For the cyclopropylmethyl derivatives 1–4, the logK p–logP OW correlation (r 2=0.97) includes comparisons between substrates having different relative fluorine stereochemistries (2 vs 4), fluorination position (2,4 vs 3), and number of fluorines on a given carbon atom (2,4 vs 1). For the glycosides 5–8, which also involve changes at a non‐fluorine containing stereocentre, logP changes between epimers are reproduced in the corresponding logK p values (5 vs 6; 7 vs 8; 5 vs 7; 6 vs 8), but this is not the case when two stereocentres are inverted simultaneously: the methyl‐β‐4,6‐difluorinated glucoside derivative 6 has a lower logP value compared to methyl‐α‐4,6‐difluorinated galactoside derivative 7, but a higher logK p value. This results in a moderate logK p–logP correlation (r 2=0.72). For the more flexible pentane‐1,5‐diol derivatives, excellent logK p–logP OW correlations were also obtained when two separate series were considered: compounds 9–12 with fluorination at a single position (r 2=0.97), and compounds 13–16 with a skipped fluorination motif (r 2=0.95). For both series, lipophilicity differences arising from positional, fluorination number and diastereochemical changes are nicely reflected in their corresponding logK p values. An interesting case concerns the enantiomers 15/ent‐ 15. A fundamental difference between 1‐octanol and POPC vesicles (or membranes) is that the former is achiral, while the latter are composed of enantiomerically pure constituents. By definition, enantiomers have identical logP values, but could be expected to have different logK p values. The measured logK p values for 15 and ent‐15 however, are virtually identical, and within error of each other.
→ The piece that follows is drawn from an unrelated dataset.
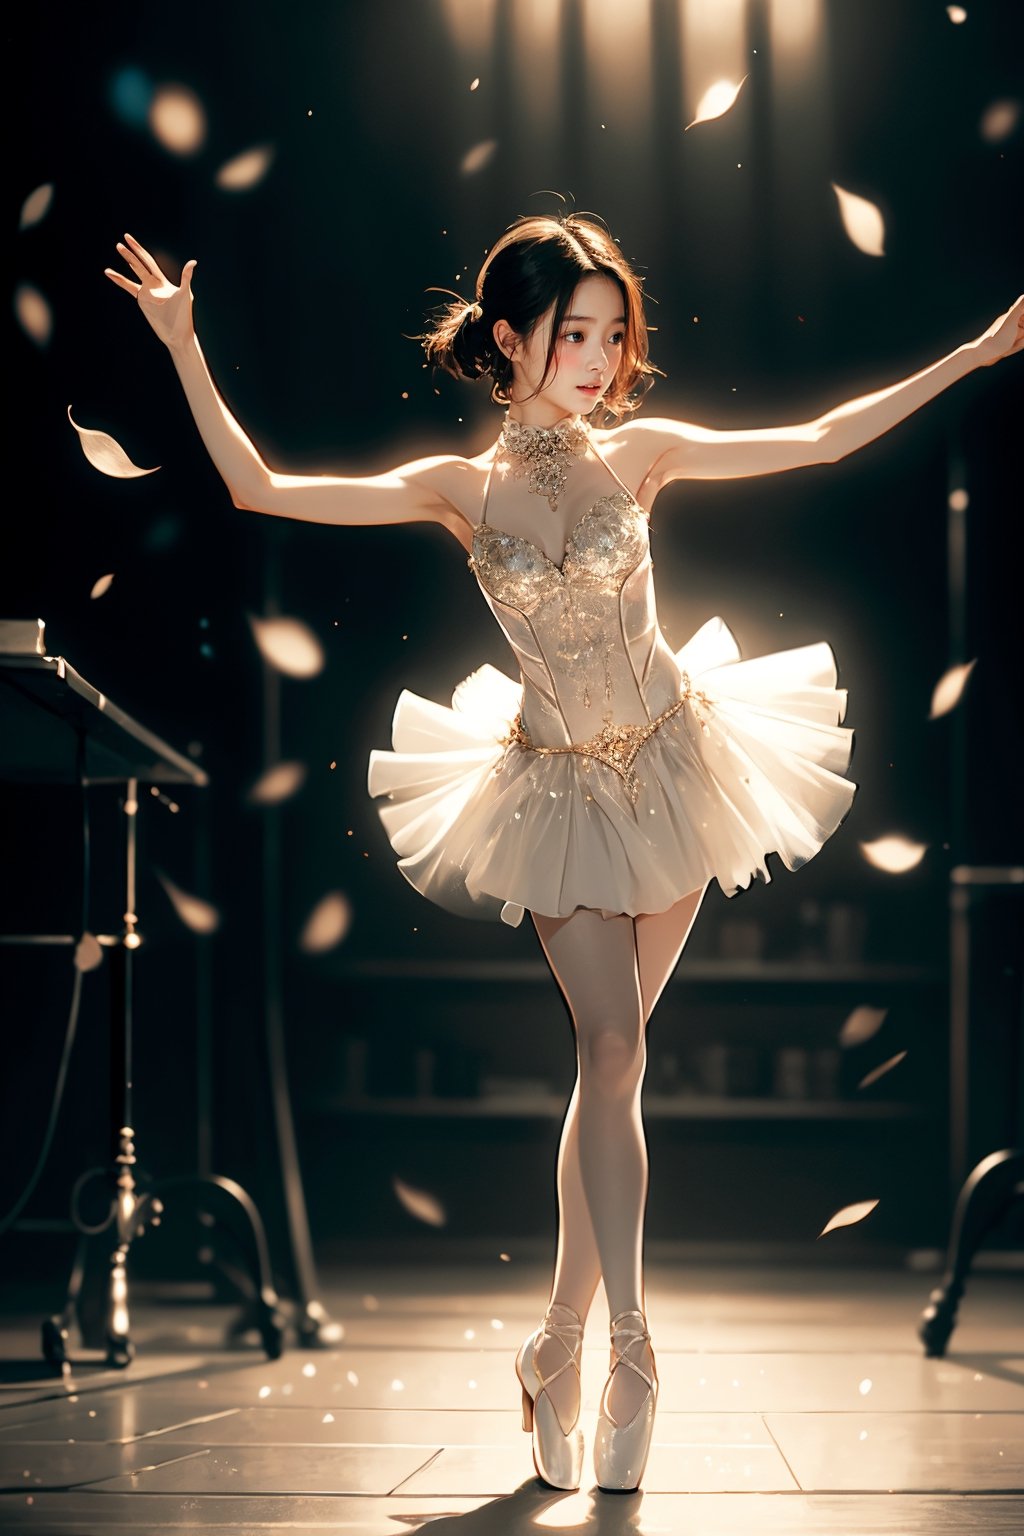 solo, An 18-year-old Korean girl wearing ballet costume (full body) dances alone in a dimly lit studio, her movements reflected in the soft spotlight. This scene highlights her dedication and artistic loneliness, echoing themes of personal growth in Iwai Shunji's work. The atmosphere of the scene is captured with a high graininess reminiscent of ISO 800 film. ,IU,1 girl
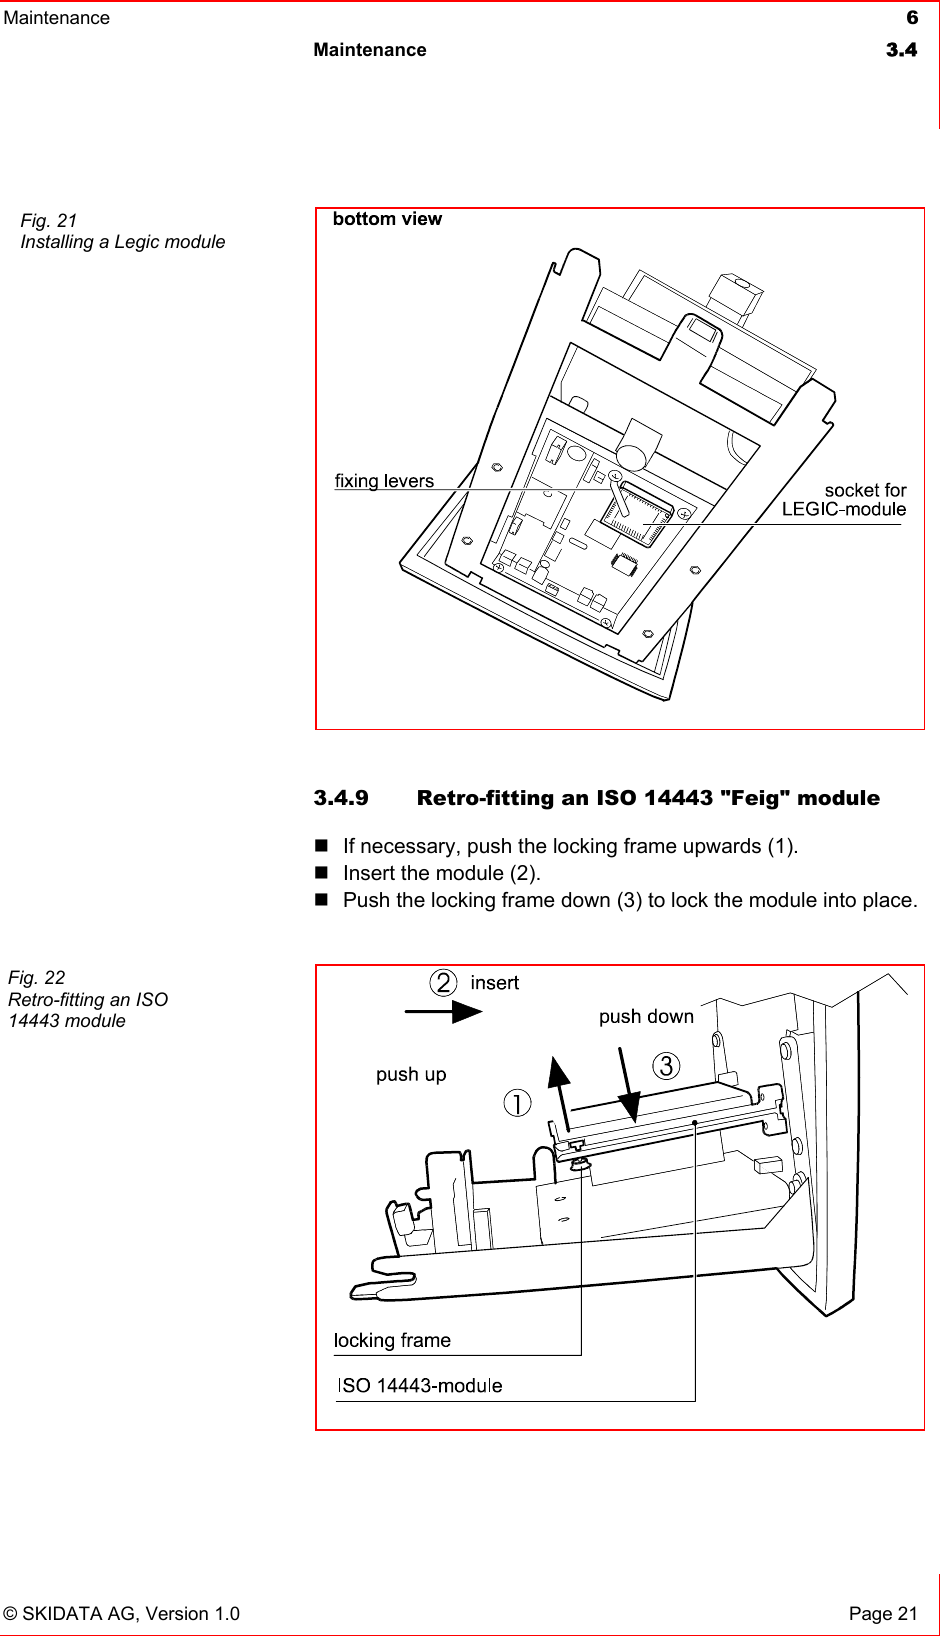 Maintenance  6 Maintenance 3.4   © SKIDATA AG, Version 1.0  Page 21  3.4.9  Retro-fitting an ISO 14443 &quot;Feig&quot; module    If necessary, push the locking frame upwards (1).  Insert the module (2).  Push the locking frame down (3) to lock the module into place.     Fig. 21 Installing a Legic module  Fig. 22 Retro-fitting an ISO 14443 module

It is interesting to note that there is an apparent difference in the ability of octanol/water and liposome systems to discriminate between the lipophilicity, as captured by the slope of the correlations (Figures 4 and S4). For the glycosides 5–8, logP OW provides greater discrimination with a slope of 0.56, whilst the lipophilicity of cyclopropyl derivatives are best discriminated by the liposome based model, with a slope of 1.47. Surprisingly, even the two very similar series of pentane‐1,5‐diols 9–12 with a fluorination and a single carbon and compounds 13–16 with a skipped fluorination motif exhibited differing lipophilicity dependencies with slopes of 1.20 and 0.74 respectively. Such variations have been explained by the relative ability of the two hydrophobic phases to accommodate incoming molecules, with the “malleable” octanol environment and the more structured bilayer environment responding differently to molecular shape and range of interactions. [4]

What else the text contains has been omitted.